§ What you should do: In the entries that follow, find the line containing "Golf_Stick_TaylorMade_Burner_Hybrid_00.jpg" and the line containing "Jers hoodie (premium)", then copy exactly everything from the first through the second except the pictures.

§ Source material:
***
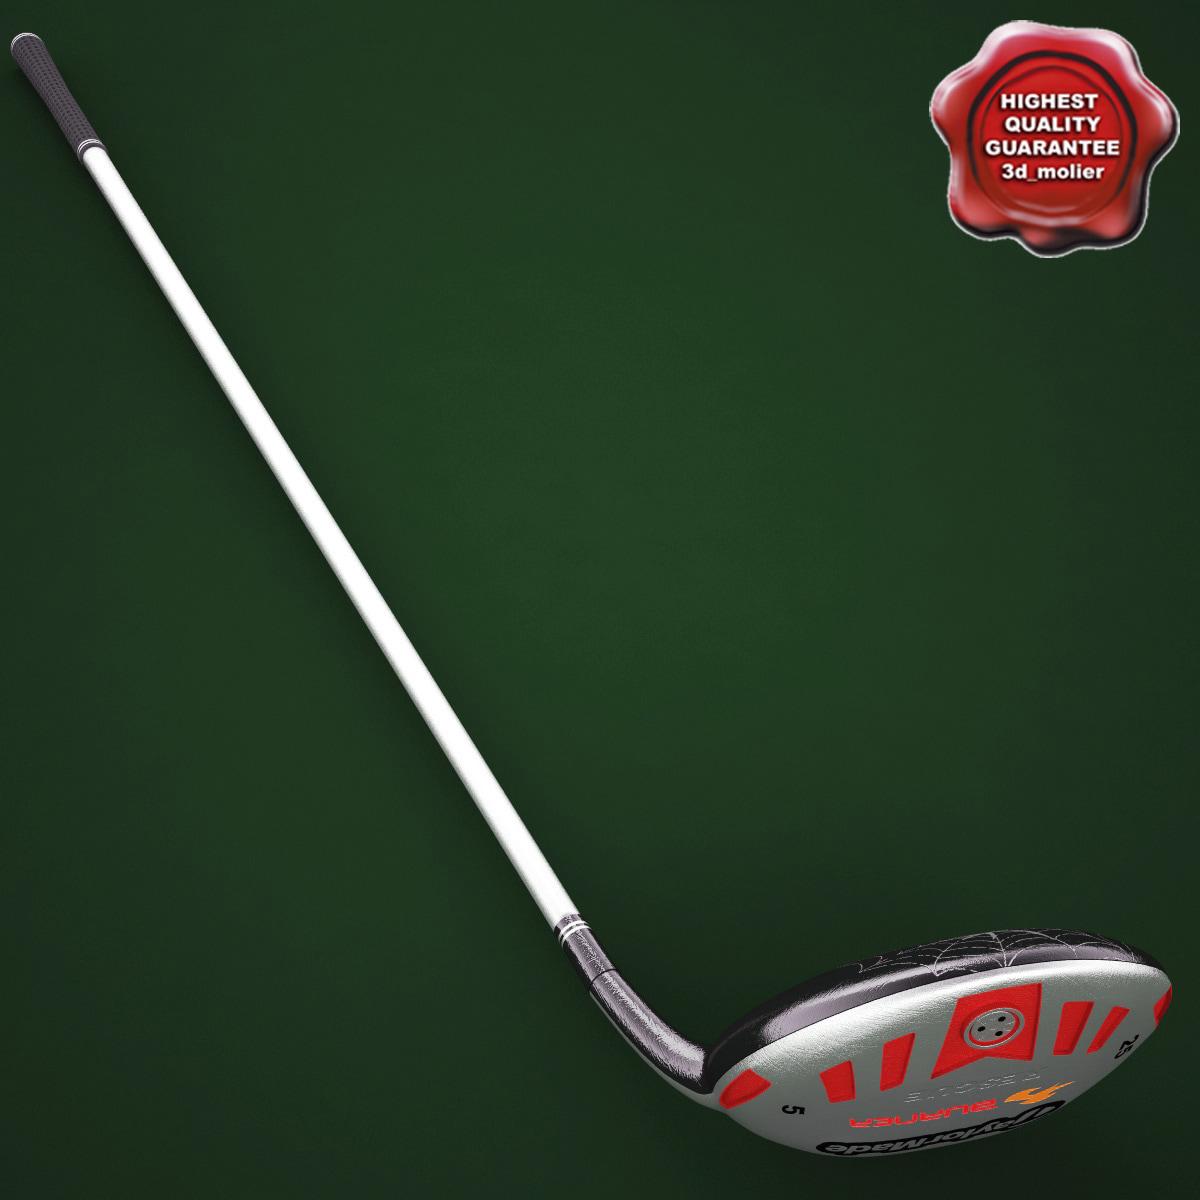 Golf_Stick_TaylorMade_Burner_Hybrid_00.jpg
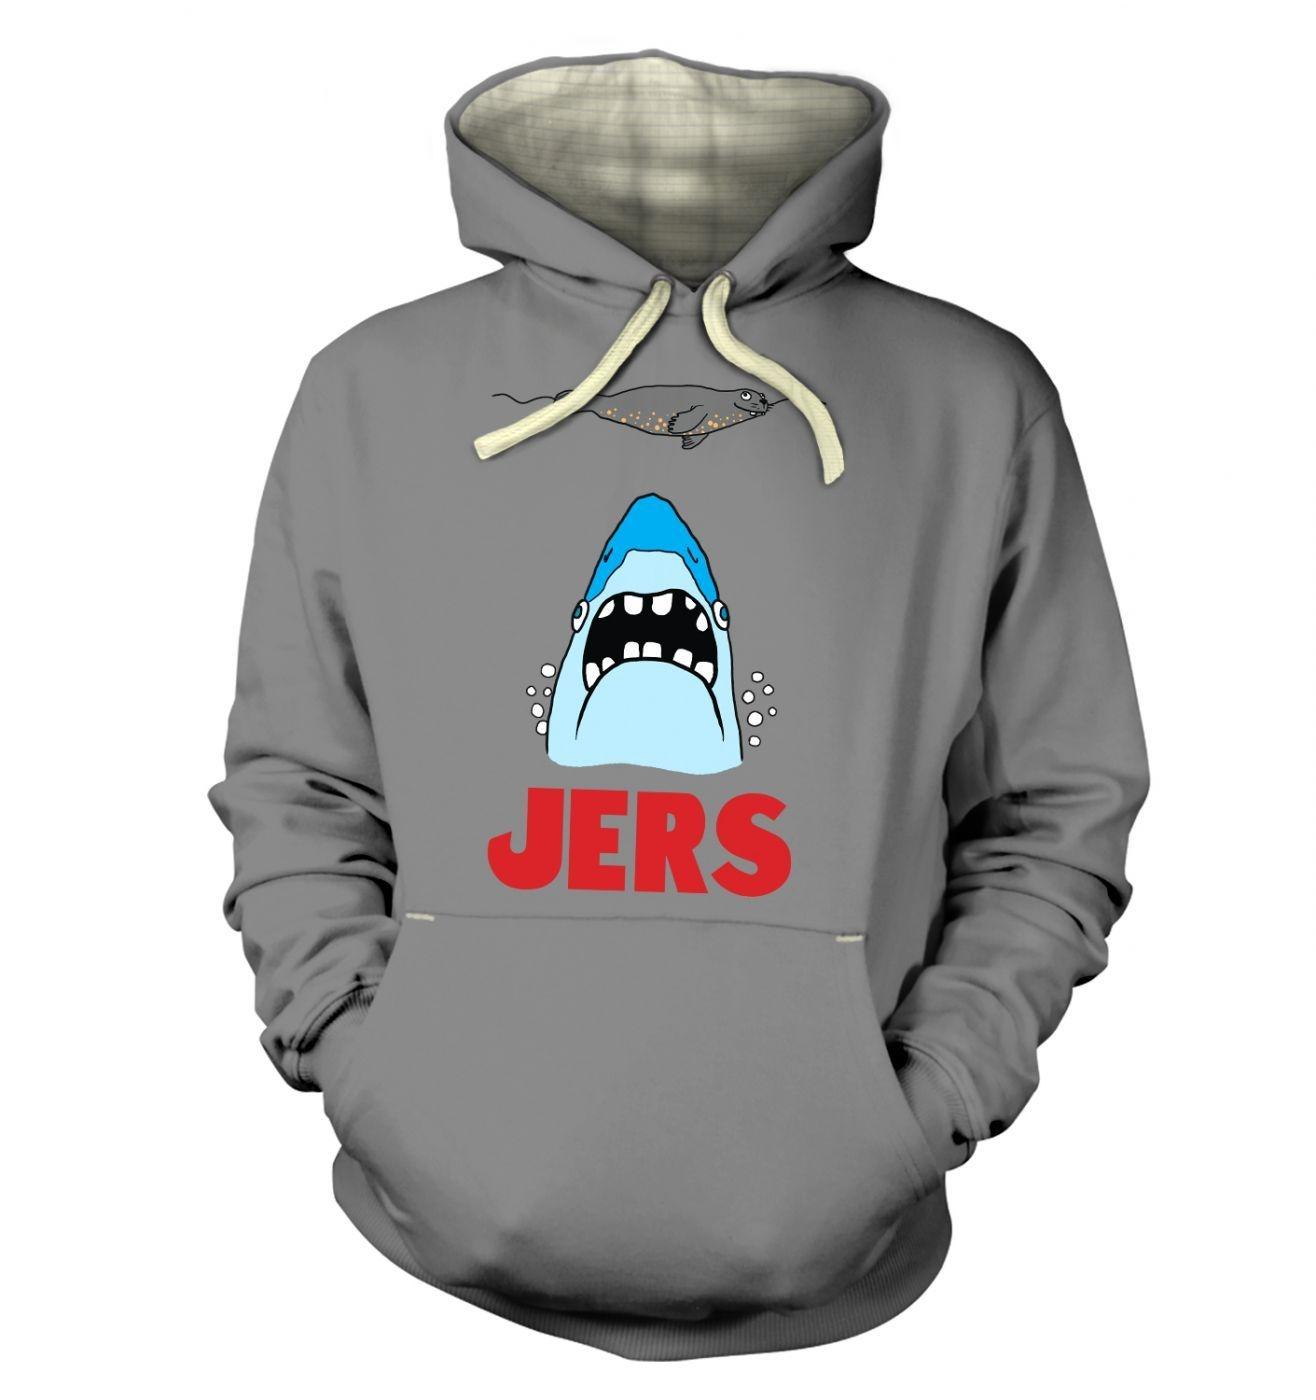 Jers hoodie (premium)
***
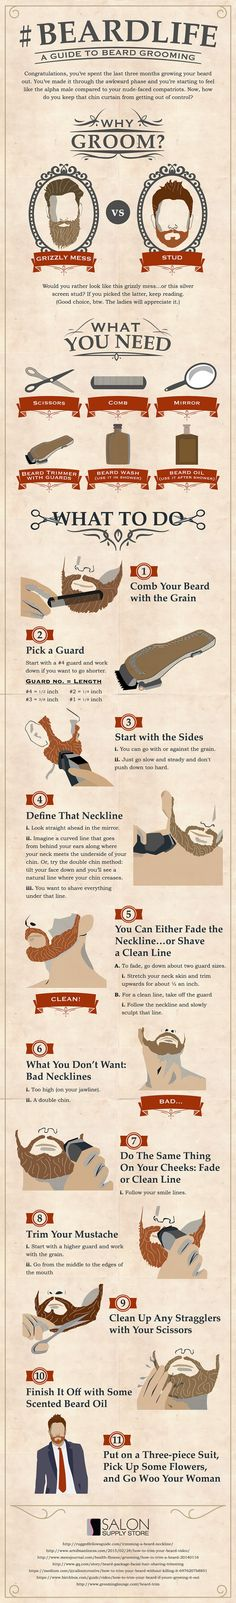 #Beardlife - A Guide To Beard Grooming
***
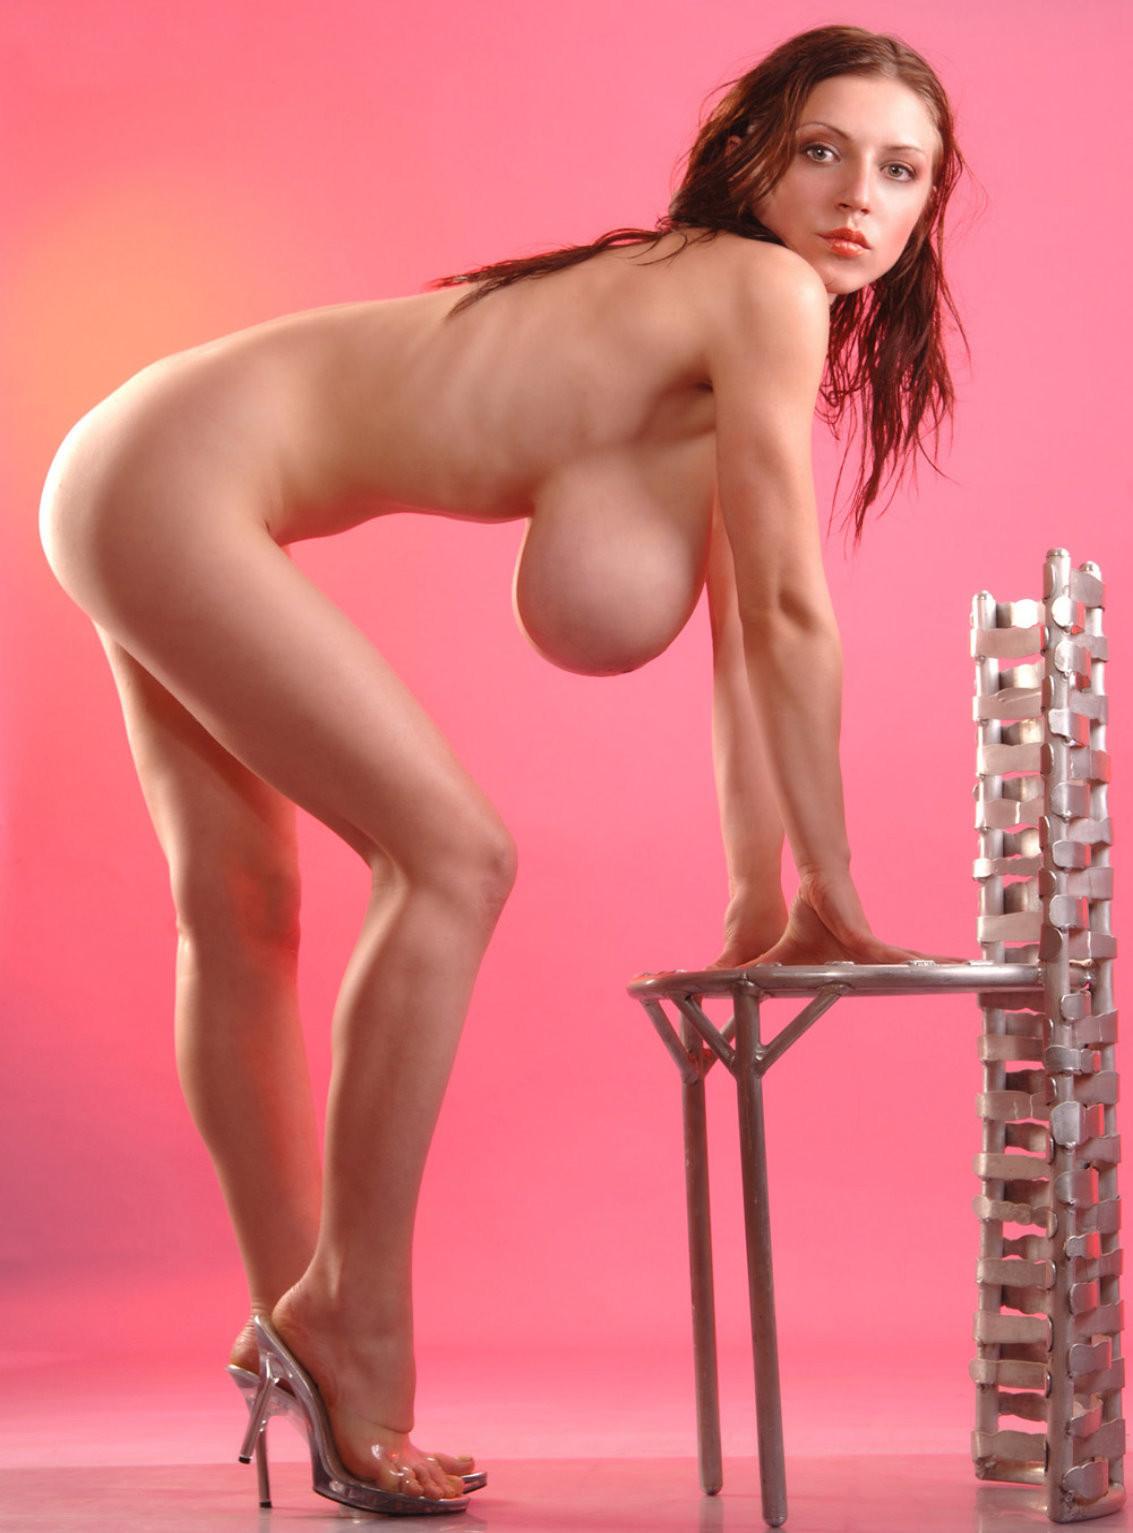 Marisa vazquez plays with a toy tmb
***
§ Exercise output:
 Golf_Stick_TaylorMade_Burner_Hybrid_00.jpg
 Jers hoodie (premium)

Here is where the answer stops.